* **ASSIGNED TASK**
Write down, unchanged, the entries from the first line through the line holding "Mann med skjegg filmer seg selv med mobil.". Include no other line.

------ DATA LISTING

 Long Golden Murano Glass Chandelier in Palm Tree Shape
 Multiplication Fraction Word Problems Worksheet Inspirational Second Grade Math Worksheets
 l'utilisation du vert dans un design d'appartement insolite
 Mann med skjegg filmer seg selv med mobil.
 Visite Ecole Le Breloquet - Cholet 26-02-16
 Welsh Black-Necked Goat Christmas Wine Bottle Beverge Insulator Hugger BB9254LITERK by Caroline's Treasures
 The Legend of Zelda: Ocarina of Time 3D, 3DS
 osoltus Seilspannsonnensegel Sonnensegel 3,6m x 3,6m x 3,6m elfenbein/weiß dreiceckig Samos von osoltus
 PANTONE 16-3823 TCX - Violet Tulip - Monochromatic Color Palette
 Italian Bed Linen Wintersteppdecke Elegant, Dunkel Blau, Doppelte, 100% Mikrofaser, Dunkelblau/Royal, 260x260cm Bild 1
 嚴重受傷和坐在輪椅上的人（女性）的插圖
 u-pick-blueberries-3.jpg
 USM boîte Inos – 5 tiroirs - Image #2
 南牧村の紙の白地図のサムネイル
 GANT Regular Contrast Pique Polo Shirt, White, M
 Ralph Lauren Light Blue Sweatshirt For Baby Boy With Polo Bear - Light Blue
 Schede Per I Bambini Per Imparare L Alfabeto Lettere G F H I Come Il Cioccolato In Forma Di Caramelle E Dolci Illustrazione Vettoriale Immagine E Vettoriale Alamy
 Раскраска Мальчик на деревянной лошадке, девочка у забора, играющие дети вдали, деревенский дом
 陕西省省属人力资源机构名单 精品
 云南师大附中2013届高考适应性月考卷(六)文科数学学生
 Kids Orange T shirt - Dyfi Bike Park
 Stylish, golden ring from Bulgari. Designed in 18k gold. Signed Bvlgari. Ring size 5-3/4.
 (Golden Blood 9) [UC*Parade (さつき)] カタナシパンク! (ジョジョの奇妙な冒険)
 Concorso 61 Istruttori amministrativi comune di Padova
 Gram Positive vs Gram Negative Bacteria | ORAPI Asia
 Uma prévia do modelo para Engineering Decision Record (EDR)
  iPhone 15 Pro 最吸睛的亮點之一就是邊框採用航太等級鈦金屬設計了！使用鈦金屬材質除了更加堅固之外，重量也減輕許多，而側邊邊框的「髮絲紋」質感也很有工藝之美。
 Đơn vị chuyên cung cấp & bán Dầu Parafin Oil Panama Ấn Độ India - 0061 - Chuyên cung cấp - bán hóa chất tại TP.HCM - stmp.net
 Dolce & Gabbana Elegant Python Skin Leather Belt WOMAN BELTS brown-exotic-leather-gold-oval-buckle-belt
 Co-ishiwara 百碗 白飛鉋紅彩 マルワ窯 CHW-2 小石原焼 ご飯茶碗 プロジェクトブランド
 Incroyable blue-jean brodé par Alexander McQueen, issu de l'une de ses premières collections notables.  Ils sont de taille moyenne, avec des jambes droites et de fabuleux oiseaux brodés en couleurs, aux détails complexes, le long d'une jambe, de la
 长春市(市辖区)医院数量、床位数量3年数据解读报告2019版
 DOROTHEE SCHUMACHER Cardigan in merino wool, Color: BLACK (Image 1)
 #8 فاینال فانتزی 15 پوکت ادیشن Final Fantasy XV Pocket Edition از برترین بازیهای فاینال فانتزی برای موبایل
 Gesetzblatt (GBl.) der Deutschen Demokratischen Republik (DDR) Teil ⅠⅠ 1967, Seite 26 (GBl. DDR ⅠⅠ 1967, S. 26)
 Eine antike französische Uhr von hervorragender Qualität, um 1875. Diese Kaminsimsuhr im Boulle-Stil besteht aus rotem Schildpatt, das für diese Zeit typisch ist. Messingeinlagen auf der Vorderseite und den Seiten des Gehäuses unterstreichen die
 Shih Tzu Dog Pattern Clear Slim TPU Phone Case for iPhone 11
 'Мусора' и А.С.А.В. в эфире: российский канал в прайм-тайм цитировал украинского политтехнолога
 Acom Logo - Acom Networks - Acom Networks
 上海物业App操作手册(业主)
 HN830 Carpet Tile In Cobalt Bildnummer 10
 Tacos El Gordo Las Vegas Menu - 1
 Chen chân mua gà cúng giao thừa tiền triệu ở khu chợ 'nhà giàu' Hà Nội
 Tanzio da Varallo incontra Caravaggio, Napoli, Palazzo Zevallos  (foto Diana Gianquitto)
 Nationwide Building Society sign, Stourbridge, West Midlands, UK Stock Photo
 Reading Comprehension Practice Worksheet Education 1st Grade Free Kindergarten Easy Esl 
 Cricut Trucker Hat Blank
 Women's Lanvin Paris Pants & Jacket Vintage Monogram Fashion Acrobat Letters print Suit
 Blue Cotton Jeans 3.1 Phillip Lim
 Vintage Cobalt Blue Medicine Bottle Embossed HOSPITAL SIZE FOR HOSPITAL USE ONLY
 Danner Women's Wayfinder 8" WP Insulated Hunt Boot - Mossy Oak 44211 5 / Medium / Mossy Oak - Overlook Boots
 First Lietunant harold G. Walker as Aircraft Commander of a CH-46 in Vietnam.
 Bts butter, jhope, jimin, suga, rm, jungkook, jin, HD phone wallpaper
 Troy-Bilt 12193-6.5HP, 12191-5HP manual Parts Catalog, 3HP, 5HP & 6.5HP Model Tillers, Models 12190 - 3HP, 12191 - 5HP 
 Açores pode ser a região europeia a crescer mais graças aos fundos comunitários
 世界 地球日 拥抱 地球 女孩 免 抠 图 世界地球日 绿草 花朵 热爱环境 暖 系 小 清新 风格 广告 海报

------------

* **EXERCISE SOLUTION**
 Long Golden Murano Glass Chandelier in Palm Tree Shape
 Multiplication Fraction Word Problems Worksheet Inspirational Second Grade Math Worksheets
 l'utilisation du vert dans un design d'appartement insolite
 Mann med skjegg filmer seg selv med mobil.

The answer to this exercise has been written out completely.